Started by Rich Shepardover 6 years ago8 messagesgeneral

rshepard@appl-ecosys.com

over 6 years ago

My older databases have LATIN1 encoding and C collation; the newer ones have
UTF8 encoding and en_US.UTF-8 collation. A web search taught me that I can
change each old database by dumping it and restoring it with the desired
encoding and collation types. My question is whether the older types make
any difference in a single-user environment.

Regards,

Rich

Tom Lane

tgl@sss.pgh.pa.us

over 6 years ago

In reply to: Rich Shepard (#1)

Re: Encoding/collation question

Rich Shepard <rshepard@appl-ecosys.com> writes:

My older databases have LATIN1 encoding and C collation; the newer ones have
UTF8 encoding and en_US.UTF-8 collation. A web search taught me that I can
change each old database by dumping it and restoring it with the desired
encoding and collation types. My question is whether the older types make
any difference in a single-user environment.

String comparisons in non-C collations tend to be a lot slower than
they are in C collation.

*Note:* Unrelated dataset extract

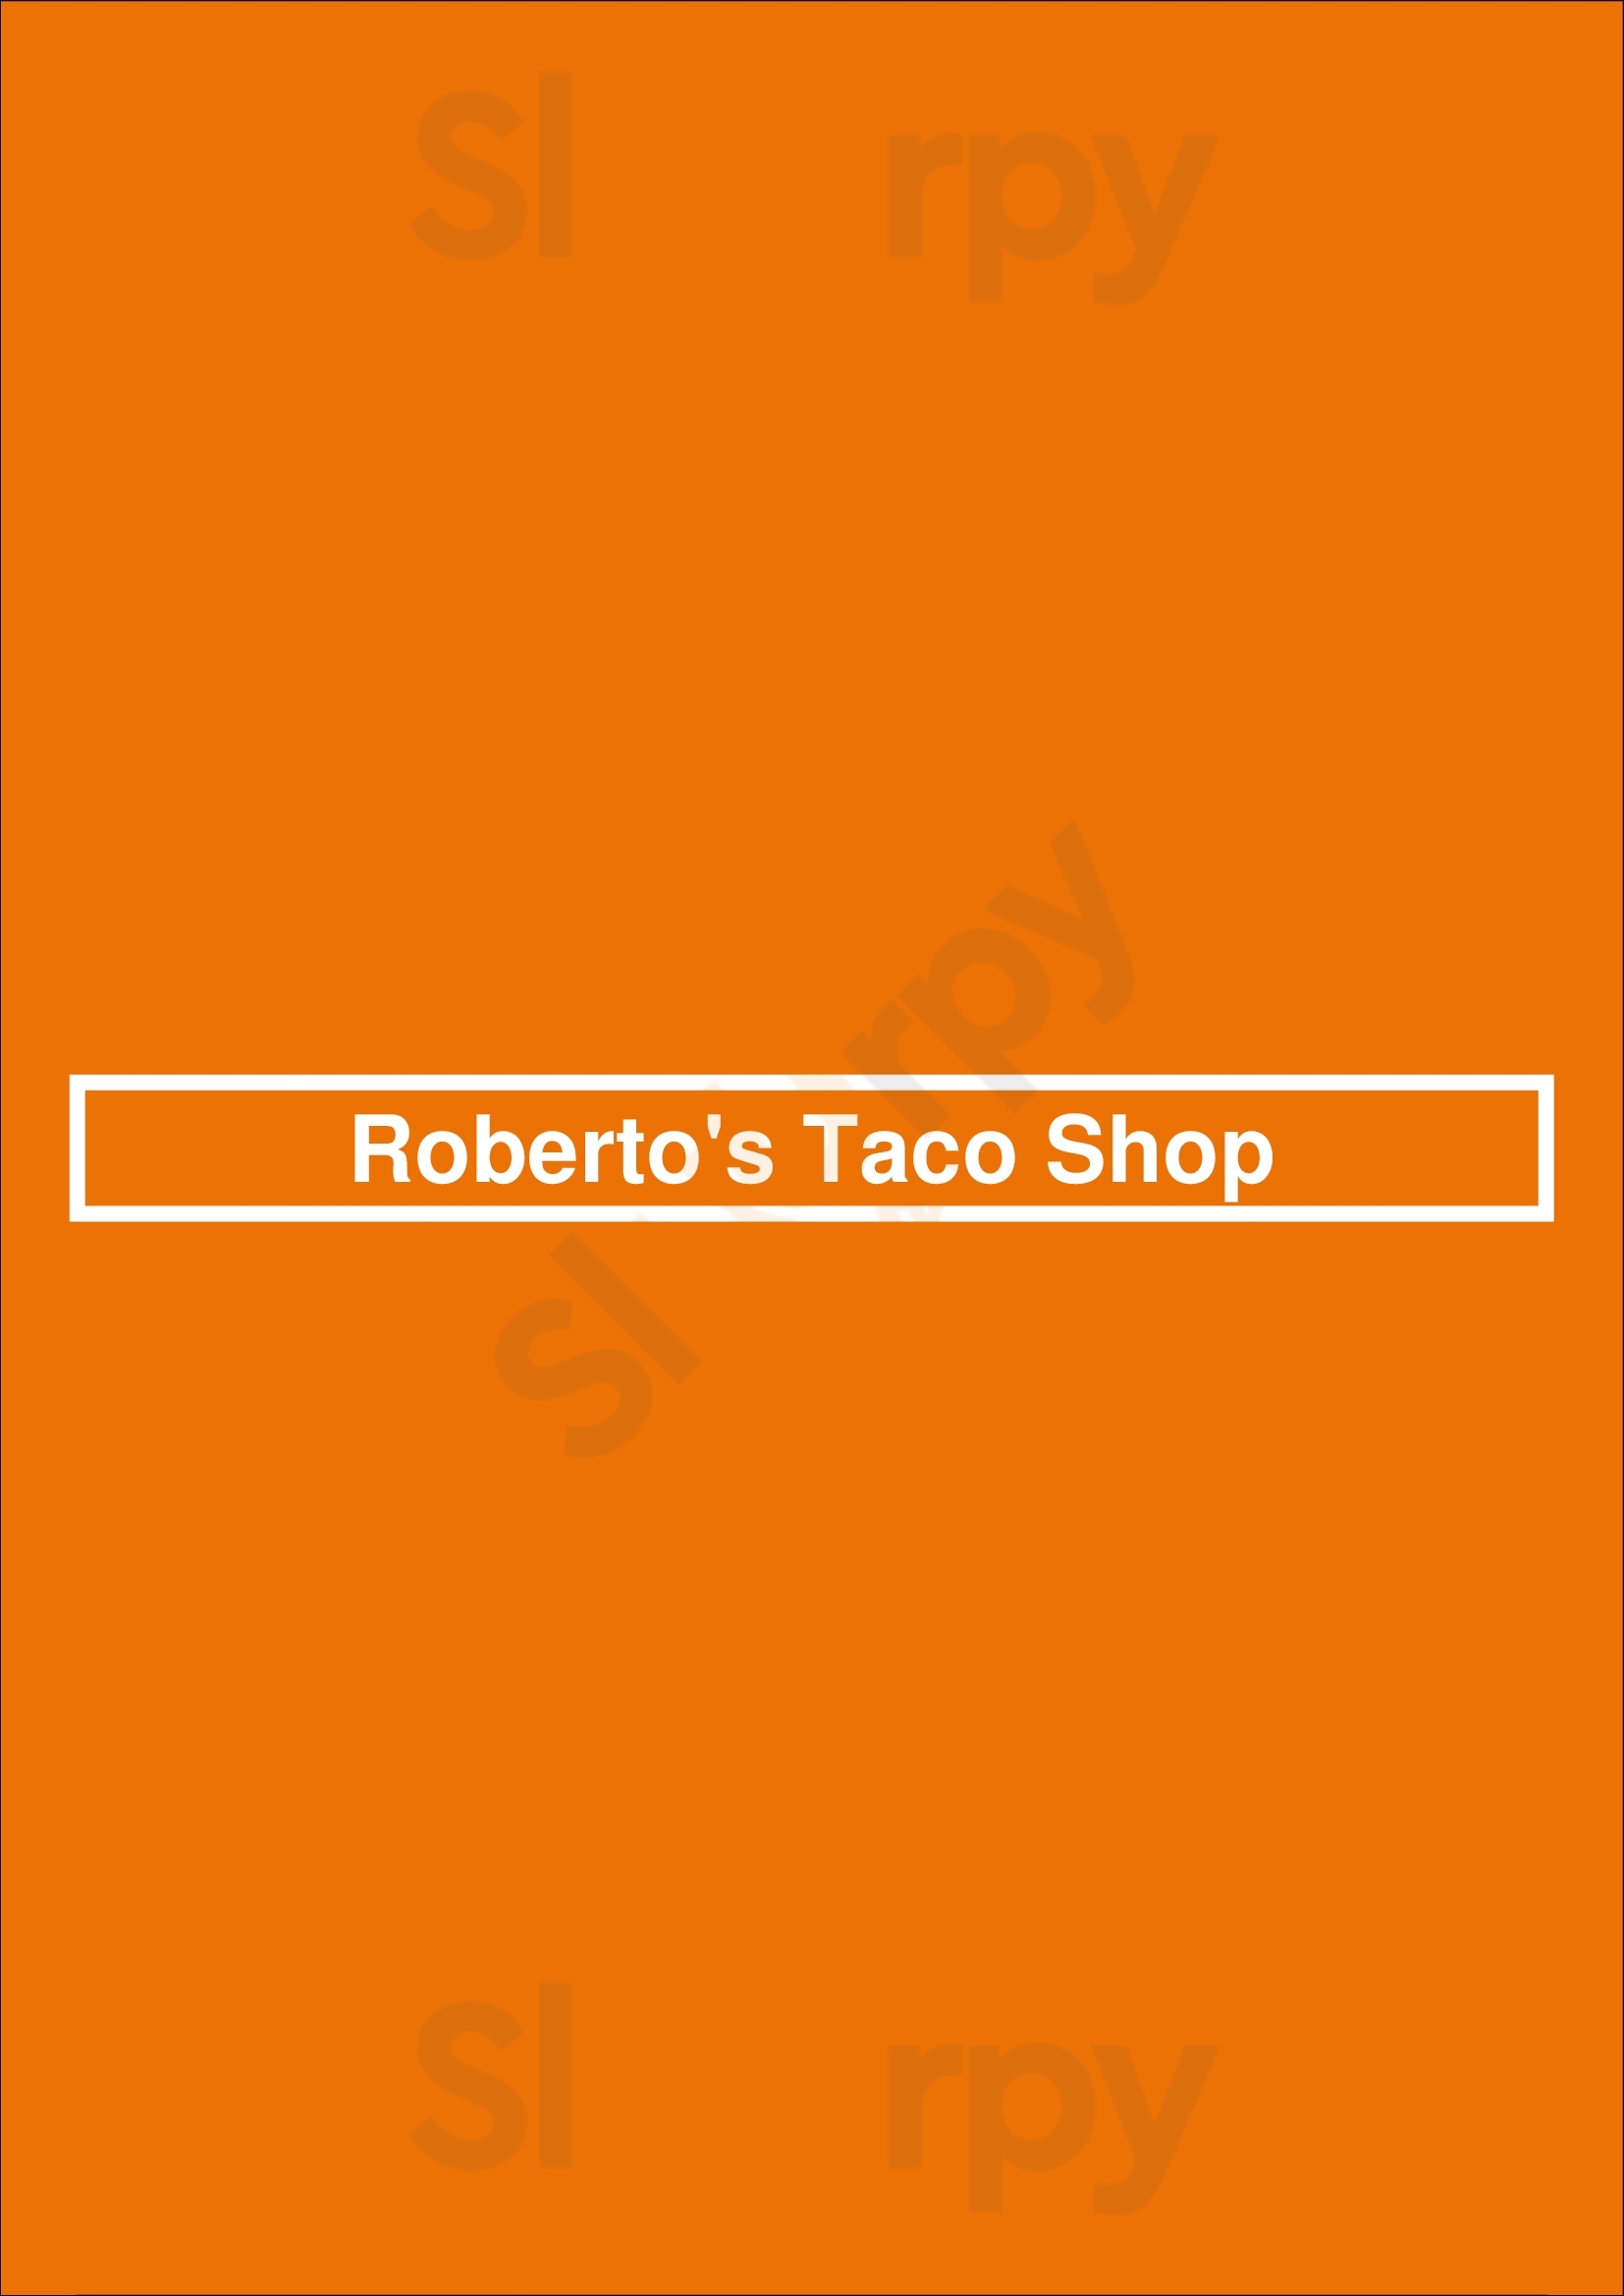 Roberto's Taco Shop San Diego Menu - 1

Whether this makes a noticeable difference
to you depends on your workload, but certainly we've seen performance
gripes that trace to that.

If your data doesn't require the larger character set of UTF8, then
using LATIN-any is going to offer some space savings (for non-ASCII
characters) plus minor performance benefits due to the lack of
variable-width characters. This is less significant than the
collation issue, though, for most people.

regards, tom lane

Rich Shepard

rshepard@appl-ecosys.com

over 6 years ago

In reply to: Tom Lane (#2)

Re: Encoding/collation question

On Wed, 11 Dec 2019, Tom Lane wrote:

String comparisons in non-C collations tend to be a lot slower than they
are in C collation. Whether this makes a noticeable difference to you
depends on your workload, but certainly we've seen performance gripes that
trace to that.

Tom,

How interesting.

If your data doesn't require the larger character set of UTF8, then using
LATIN-any is going to offer some space savings (for non-ASCII characters)
plus minor performance benefits due to the lack of variable-width
characters. This is less significant than the collation issue, though, for
most people.

I doubt that my use will notice meaningful differences. Since there are only
two or three databases in UTF8 and its collation perhaps I'll convert those
to LATIN1 and C.

Thanks for the insights.

Regards,

Rich

Andrew Gierth

andrew@tao11.riddles.org.uk

over 6 years ago

In reply to: Rich Shepard (#3)

Re: Encoding/collation question

"Rich" == Rich Shepard <rshepard@appl-ecosys.com> writes:

Rich> I doubt that my use will notice meaningful differences. Since
Rich> there are only two or three databases in UTF8 and its collation
Rich> perhaps I'll convert those to LATIN1 and C.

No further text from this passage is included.